Earlier this month, BCT announced that it had been crowned Made in Britain Member of the Year 2018.

At the time, Liam Poole, former head of customer marketing at BCT, said: “What a fantastic way to end the year. As a company we have enjoyed working closely with Made in Britain (MiB), and building relationships with likeminded businesses.

“The organisation is a perfect fit for us as a company, allowing us to communicate our British heritage and passion for UK manufacturing. We’ll be continuing to support the network into 2019, and hope to encourage more British businesses to do the same.”

“Another tiling manufacturer out of the picture. Concerning times…” wrote John Davies, store manager at Homebase in Altrincham.

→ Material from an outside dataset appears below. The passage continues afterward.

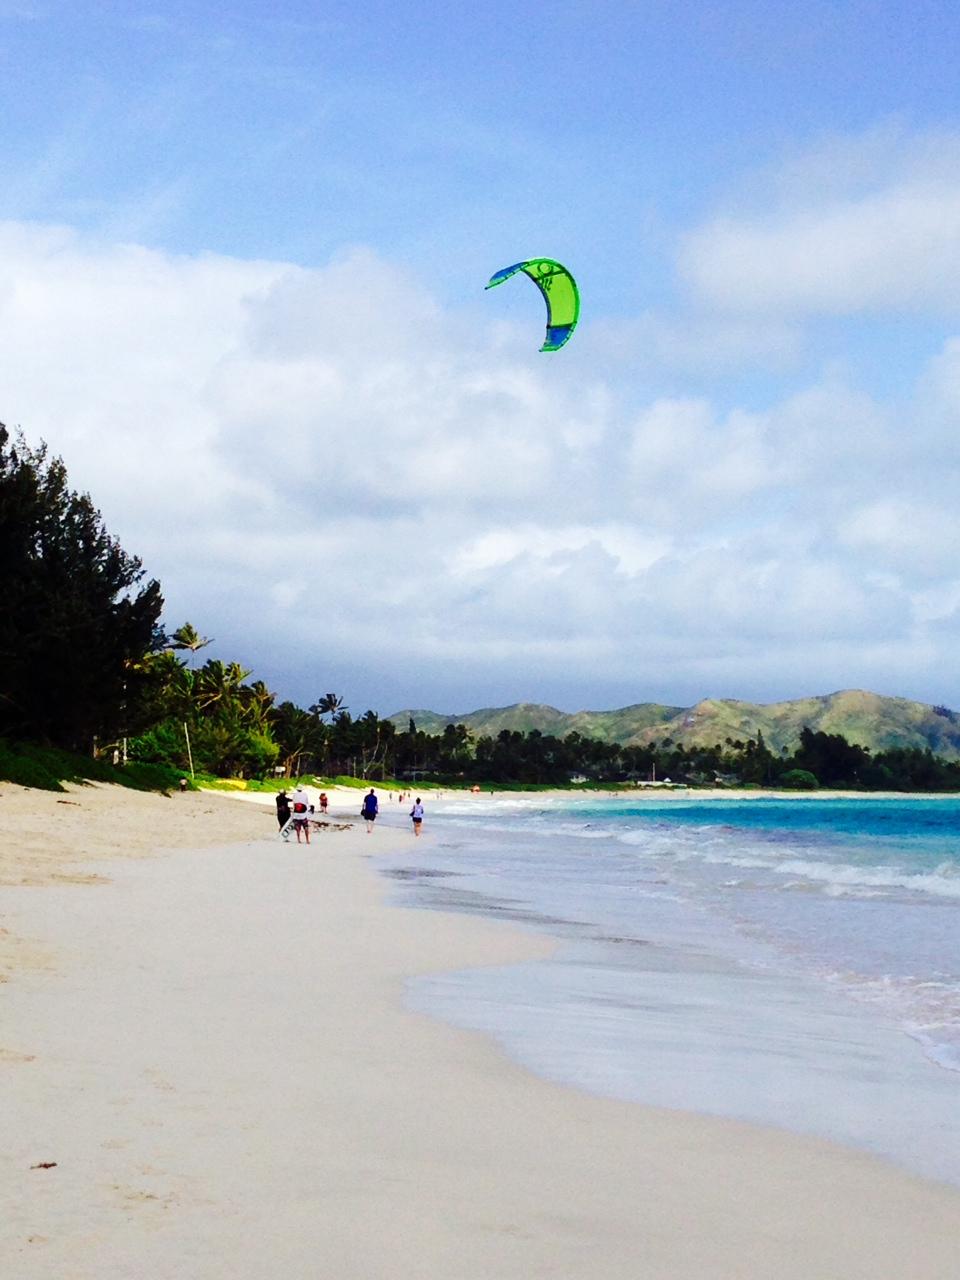 Windsurfing, Kailua Beach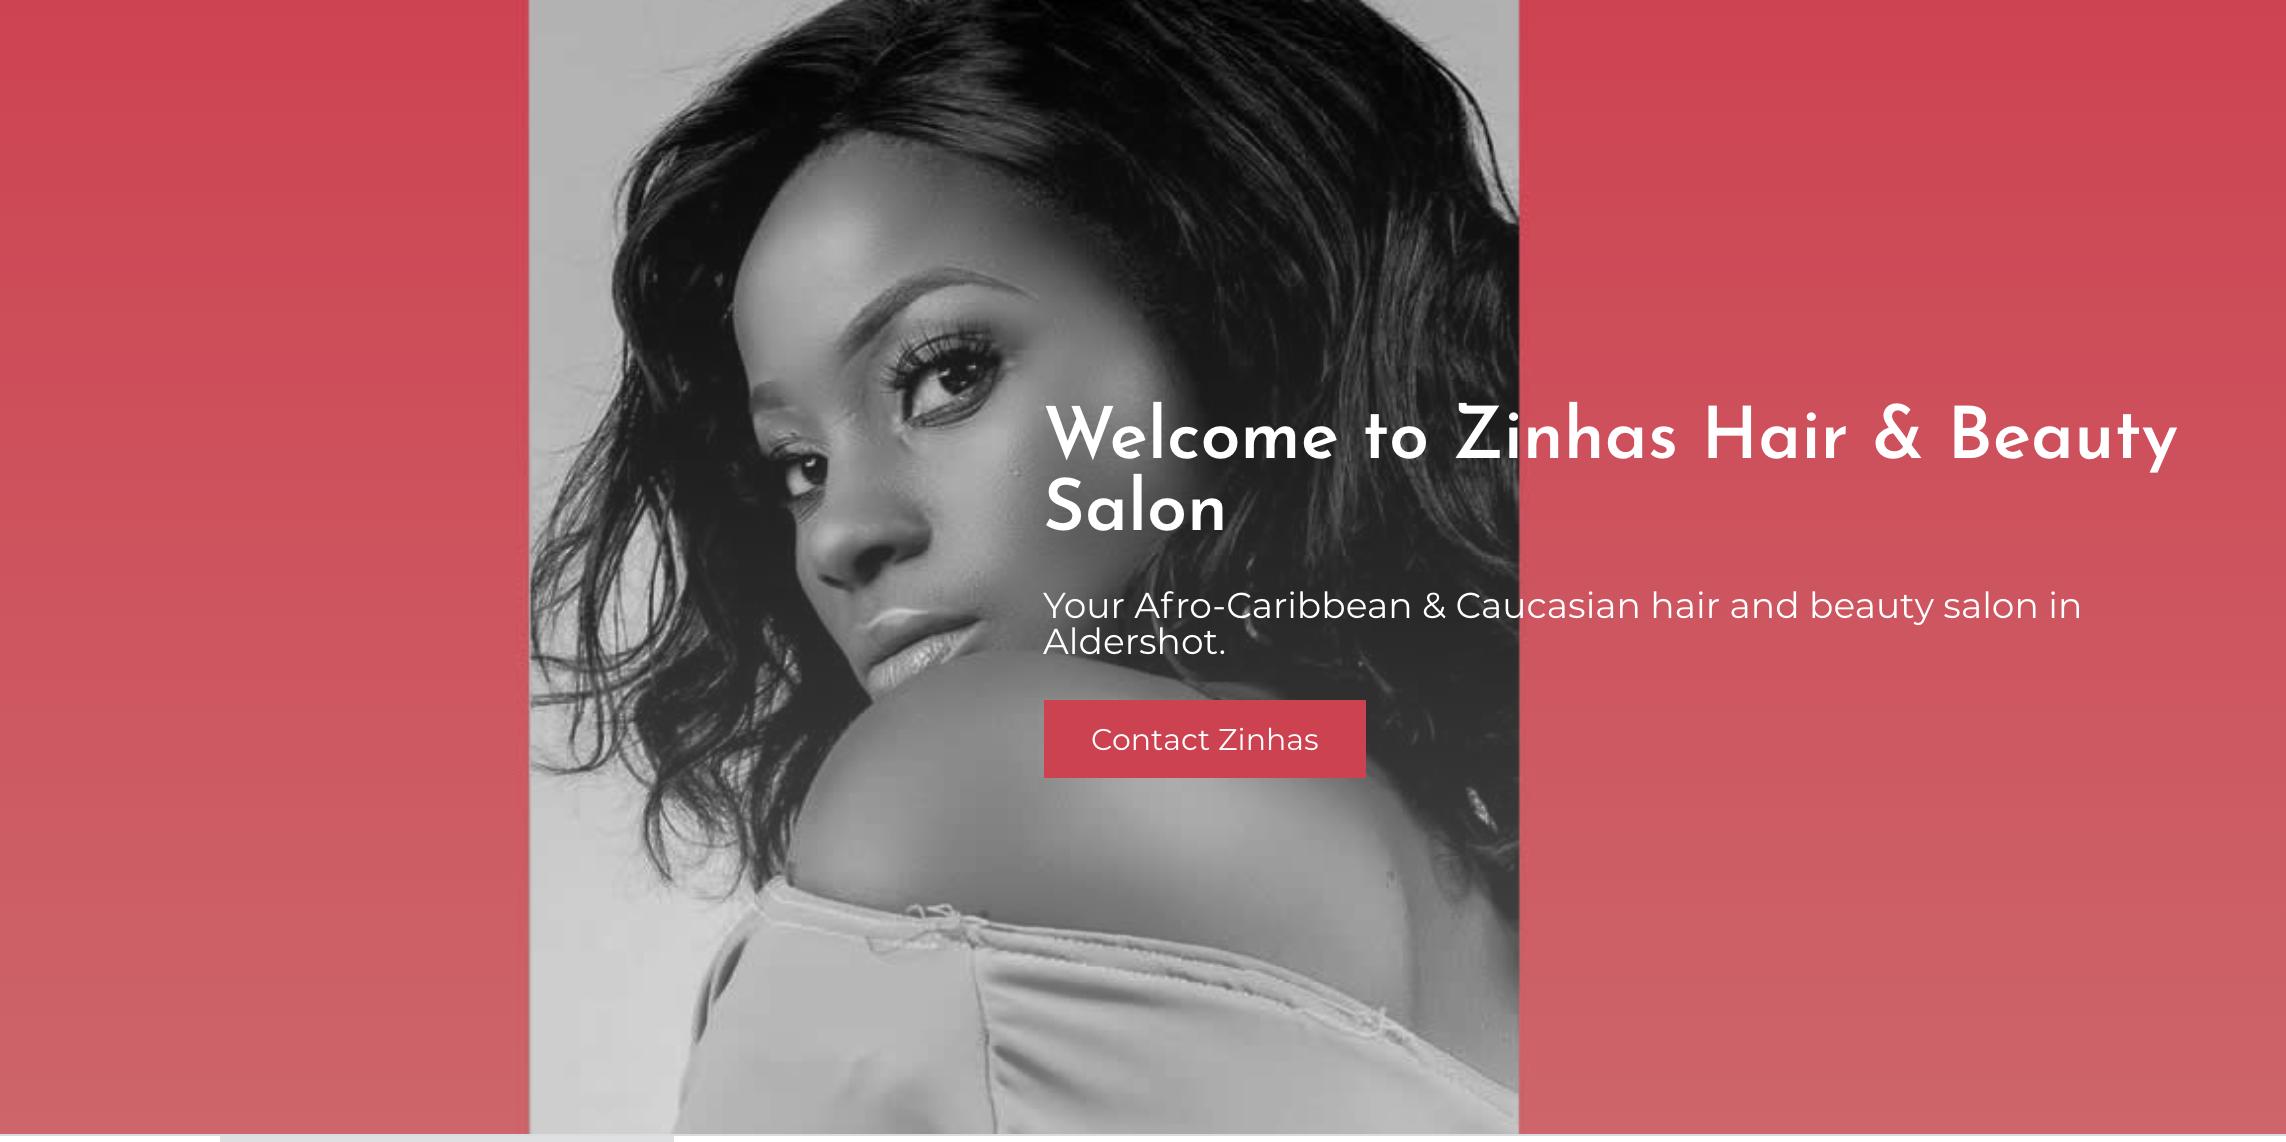 webwab-website-design-EC1-London-Zinhas-Hair-Salon

Coventry-based Capitol Tile Group, which had 11 showrooms and four distribution centres, collapsed into administration last November.

Its wholesale and distribution business was bought by Tile Mountain chairman Mo Iqbal in a quick sale and BC Ceramics purchased six of Capitol’s former showrooms, tripling its retail estate.

In a trading statement for its last financial quarter to end of December, Topps Tiles, the UK’s biggest tile retailer, said the retail market backdrop was “challenging”.

Administrators at FRP Advisory said they are searching for a buyer for BCT – which has described itself as the UK’s biggest ceramic and glass tiles manufacturer in the UK in the past – and supporting affecting employees through “this difficult period”.